For international conservationists, the turning of the year is marked not by changing seasons but by international travel opportunities – and this year September is a bumper month. It opens with the IUCN World Conservation Congress in the hyper-remote Hawai’i, and ends with the 17th Conference of the Parties to the Convention on International Trade in Endangered Species (CITES) in Johannesburg.
Looking at the website for the CITES COP, I was greatly struck by its logo. Hats off to the graphic designers, who have created the unmistakable outline of a white rhinoceros from the silhouettes of other species, pangolin, eagle, hammerhead shark, elephant and lion to name just a few. Moreover, it is all in savanna orange, with the African continent as its green heart, deep in the rhino’s chest. The choice of the rhino outline works at several levels – because the recovery of white rhinoceros is one of the great South African success stories of the twentieth century, and because the debate about trade in rhino horn is currently a key issue for CITES.
So, even by the high standards of conservation graphic design, the CITES logo is wonderfully striking, encapsulating what CITES is for, and speaking clearly to the conservation vision of its South African hosts. At CITES COPs, it is always rhino time.
But looking at the COP17 rhino more carefully, I began to see it a bit differently. Rather than clocking the species, I began to notice the absences. Deconstructing the image stimulated two uncomfortable reflections on the way conservation sees itself.
First, where are the plants? The recognizable outlines within the rhino are animals – mostly in fact mammals – the usual beauty parade of charismatic species. There are plants, but they are few and stylized: three kinds of agave or palm-like ground plants, stuck in to fill spaces at various sizes and positions. At least as reflected in this image, CITES seems chiefly to be about animals. This is not the fault of the designer, who has in fact very precisely reflected conservation’s abiding obsession with vertebrates, and the selling power of images of persecuted furry animals. There are, in fact, 301 species of plant on CITES Appendix 1, and no less than 29,592 species on Appendix 2 (for comparison, the figures for mammals are 300 and 501). Of course, plants are not so easily recognizable, certainly not as a silhouette, and the designer has carefully and cleverly chosen recognisable species. At the same time the COP17 rhino is very revealing: conservationists love animals, especially big, instantly recognisable charismatic ones.

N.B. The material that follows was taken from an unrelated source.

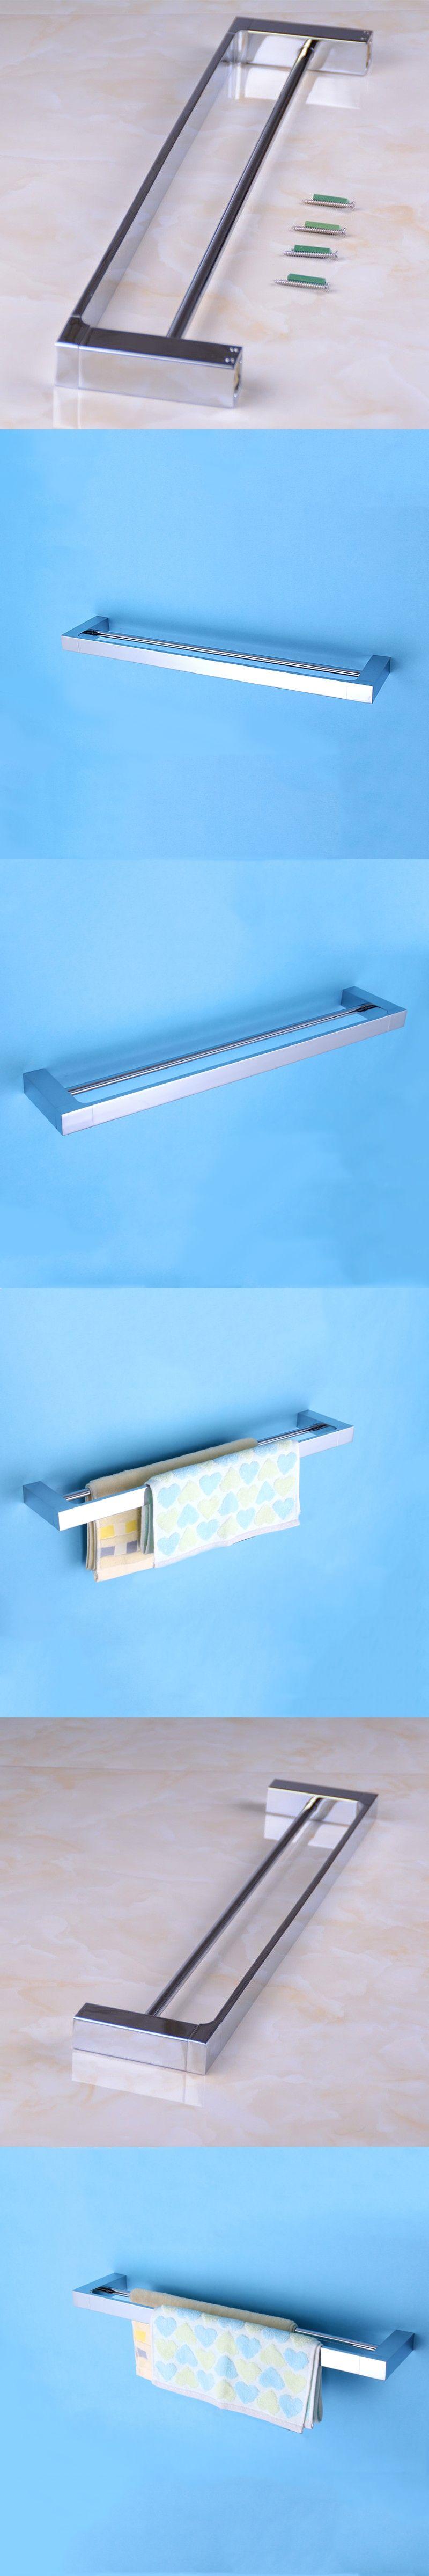 Luxury 3 Tier Towel Rack Ideas - Bathtub Design Ideas - klotsnet.com

The second absence is more serious. Where are the people in the COP 17 rhino? Again, there are, in fact, some there, but only three of them.: a marginal presence, and highly romanticised. The people are drawn like cave paintings of hunter-gatherers – stylized, in traditional dress, and thin. The COP 17 rhino shows people in a way that accurately reflects African conservation’s paternalist colonial gaze: a savanna continent stuffed with game, with a few local people eking out traditional lives around the edges (a vision also dear to the BBC). Conservation is not like this, and nor is wildlife trade.
The COP 17 rhino should be full of people. Where are they all? Where are the farmers, pastoralists, fishers, slum dwellers, and industrial workers and their poverty, hunger and dreams? Where are the poaching gangs, the European ‘security advisers’ with their helicopters and night vision glasses, and the game guards with their guns? Where are the middlemen, the fat cat traders, the overworked customs officers, the corrupt officials, the distracted judges? Where are the consumers, in their nice houses with their lust for fertility enhancement or jewelry or fantasy cuisine, or garden furniture, or hardwood musical instruments? Where are we, with our cars and air conditioning and aeroplanes, our boarding cards, conference badges and subsistence expenses?
We are nowhere to be seen, because we are behind the scenes. Conservation likes to imagine (and to present) its work as an engagement with wildlife, not people. So the COP 17 rhino is not a faulty image at all. It is an all-too-accurate portrayal of the conservation world, where people fly round the globe to discuss lists of rare species and their plight. And where the heavy money is spent on just a few, the biggest, the most charismatic, the most loved.
CITES listing alone does not ‘save’ species. The Convention was an extraordinary advance when it was signed in 1975, and is still important. But regulating legal trade in wild species is just one element in a much larger conservation challenge. That challenge does not lie in fine-tuning lists of species that can and cannot be legally traded. It lies in addressing human demand for land, for commodities, for fripperies and pleasures and the markets (legal and illegal) that translate it into the loss of habitat and the depletion of wild populations.
It t is what people do that matters in conservation: all of us, each in our own way sucking in the world’s resources, playing our part in hollowing out nature. And for that reason it is people that should fill the rhino.
Rhinos are important, and trade in rhino horn one of many important and thorny issues for CITES. But it is time to move on: to go beyond rhino time. We need to recognise that in conservation it is always people time.